Sex & Gender /

Federal Bureau of Prisons Ordered to Provide Prisoner with Transgender Surgery

US District Judge says the prisoner must receive the surgery prior to being released in December


A federal court compelled the Federal Bureau of Prisons to provide gender-reassignment surgery to a transgender prisoner.

The order is the first of its kind. The prisoner had reportedly not received care despite multiple requests.

The prisoner, who goes by Cristina Nichole Iglesias, is biologically male and is being housed in a residential reentry center in Florida.

Iglesias is being represented by the American Civil Liberties Union (ACLU) which said the procedure was “medically necessary” and that the order came after three years of litigation. 

While BOP has more than 1,200 transgender people currently in its custody, no federal prisoner—past or present—has ever yet received gender-affirming surgery. With this court order, Ms. Iglesias is now expected to be the first,” the organization said in an April 20 press release

“For years, Cristina has fought to receive the health care the Constitution requires,” Joshua Blecher-Cohen, an ACLU staff attorney working on the lawsuit, told NBC.

“The court’s order makes clear that she needs gender-affirming surgery now and that BOP cannot justify its failure to provide this medically necessary care,” he said. “We hope this landmark decision will help secure long-overdue health care for Cristina — and for the many other transgender people in federal custody who have been denied gender-affirming care.”

The BOP had ruled against providing transgender surgery to Iglesias earlier this year, noted Townhall.
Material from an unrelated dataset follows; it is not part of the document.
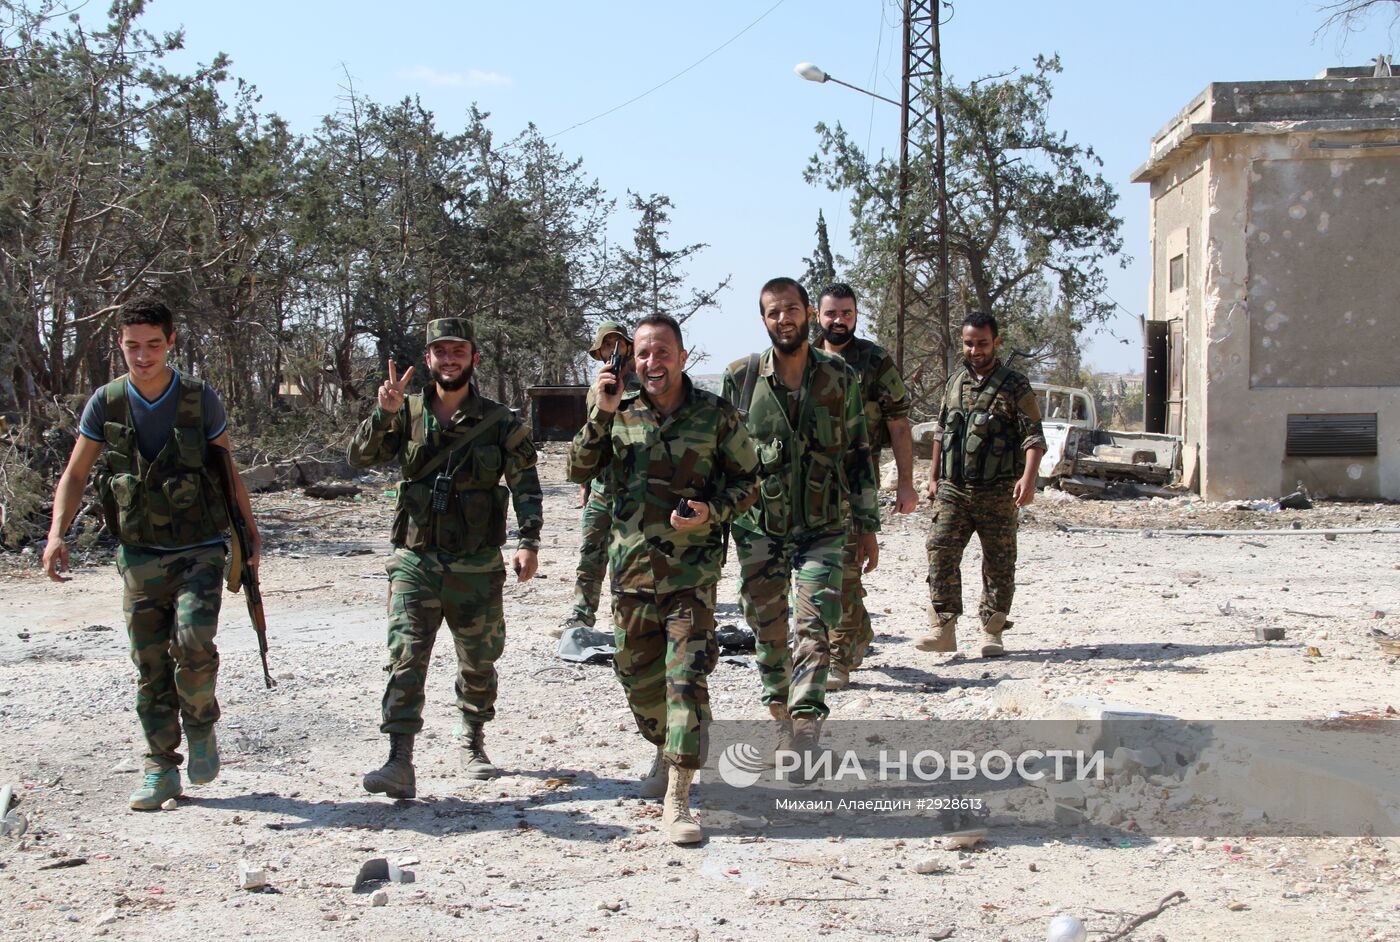 Сирийская армия освободила от боевиков территорию военных училищ в Алеппо

Under the order from U.S. District Judge Nancy Rosenstengel, the BOP must submit a detailed timeline for Iglesias’s surgery and conduct a nationwide search to immediately locate a qualified surgeon. Rosenthal has required the BOP to provide the surgery before Iglesias’s scheduled December 2022 release.

In December of 2021, Rosentangel said the case was urgent as Iglesias suffers from gender dysphoria and could be driven to self-harm.

The judge cited Dr. Randi Ettner, a clinical psychologist who testified during the case, in her ruling and wrote that  “hormone treatment is insufficient” for the 47-year-old prisoner.

“If left partially treated, Iglesias is on three trajectories: psychological decompensation, surgical self-treatment, or suicide,” wrote Rosentengel.

Iglesias was first incarcerated in 1994 and has been in prison for 28 years. The ACLU’s legal action on Iglesias’s behalf resulted in the prisoner being moved to a women’s facility in Fort Worth after more than 20 years in a men’s prison. The BOP approved Iglesias for hormone therapy in 2015.

The prisoner began seeking transgender surgery in 2016. The ACLU says Iglesias has identified as a woman since 1994 and was diagnosed with “gender identity disorder” after being incarcerated.

Iglesias was convicted in 2005 for threatening to use a weapon of mass destruction against the British government. The prisoner sent death threats and white substances to the United Kingdom’s Foreign and Commonwealth Office. Iglesias was already in federal custody, having pled guilty to threatening a judge in Oklahoma.